TASK STATEMENT> A faithful copy is required: transcribe each line below exactly, minus the pictures.

PROVIDED DATA>
++++++++++

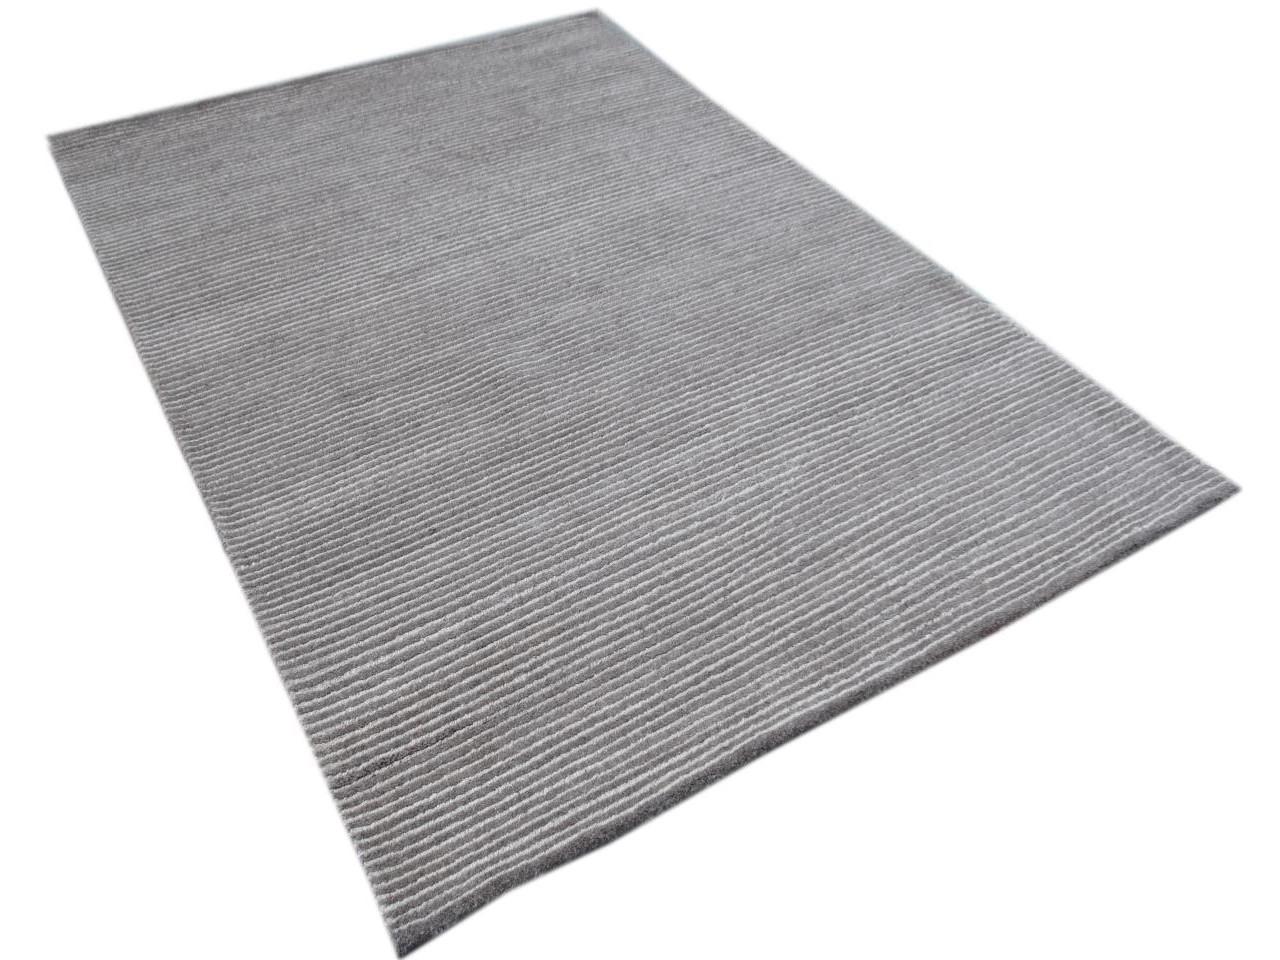 Chakia gris tapis design n 2149 200x140cm - Tapis 200x140 ...
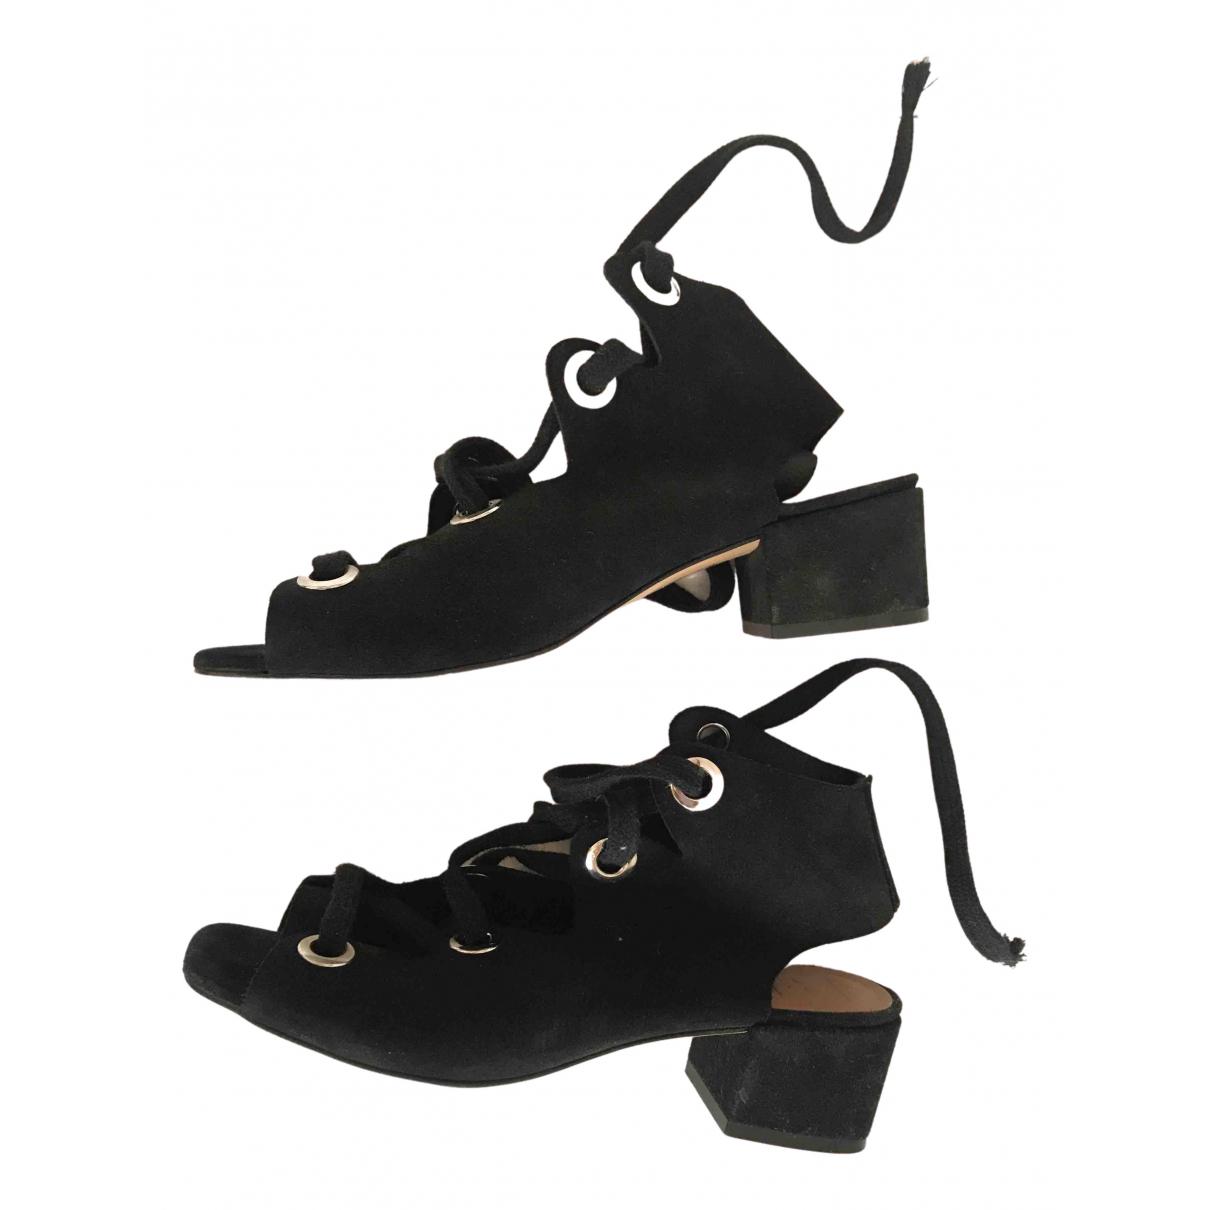 Bimba Y Lola N Black Suede Sandals for Women 38 EU
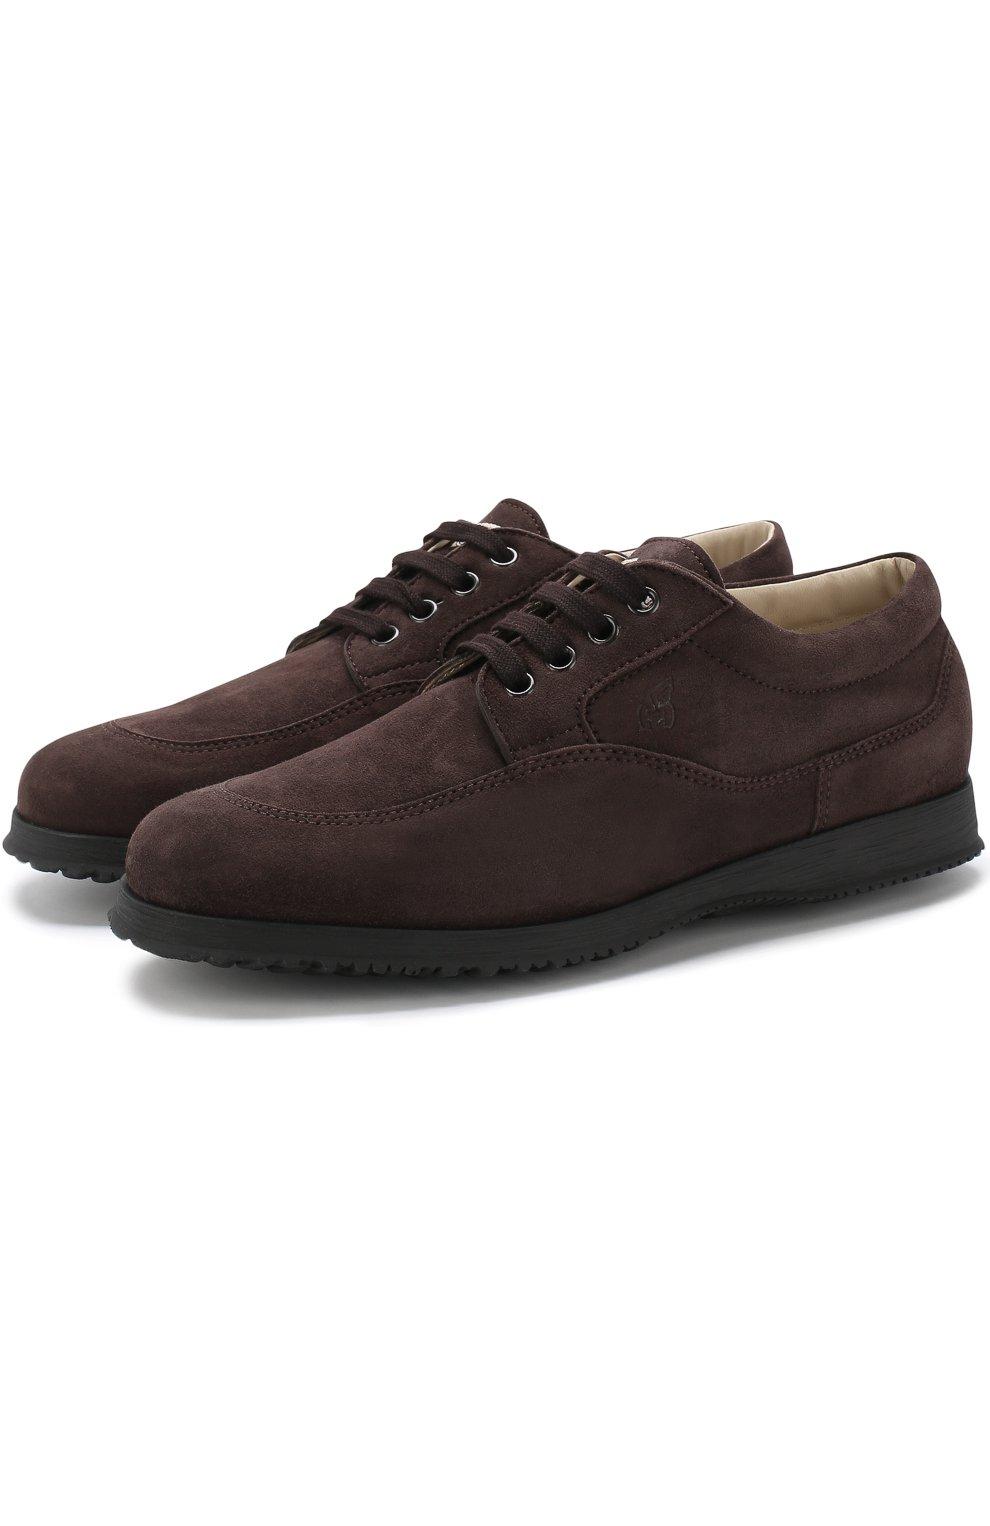 Замшевые ботинки Traditional на шнуровке | Фото №1

++++++++++

WORKED SOLUTION>
 Chakia gris tapis design n 2149 200x140cm - Tapis 200x140 ...
 Bimba Y Lola N Black Suede Sandals for Women 38 EU
 Замшевые ботинки Traditional на шнуровке | Фото №1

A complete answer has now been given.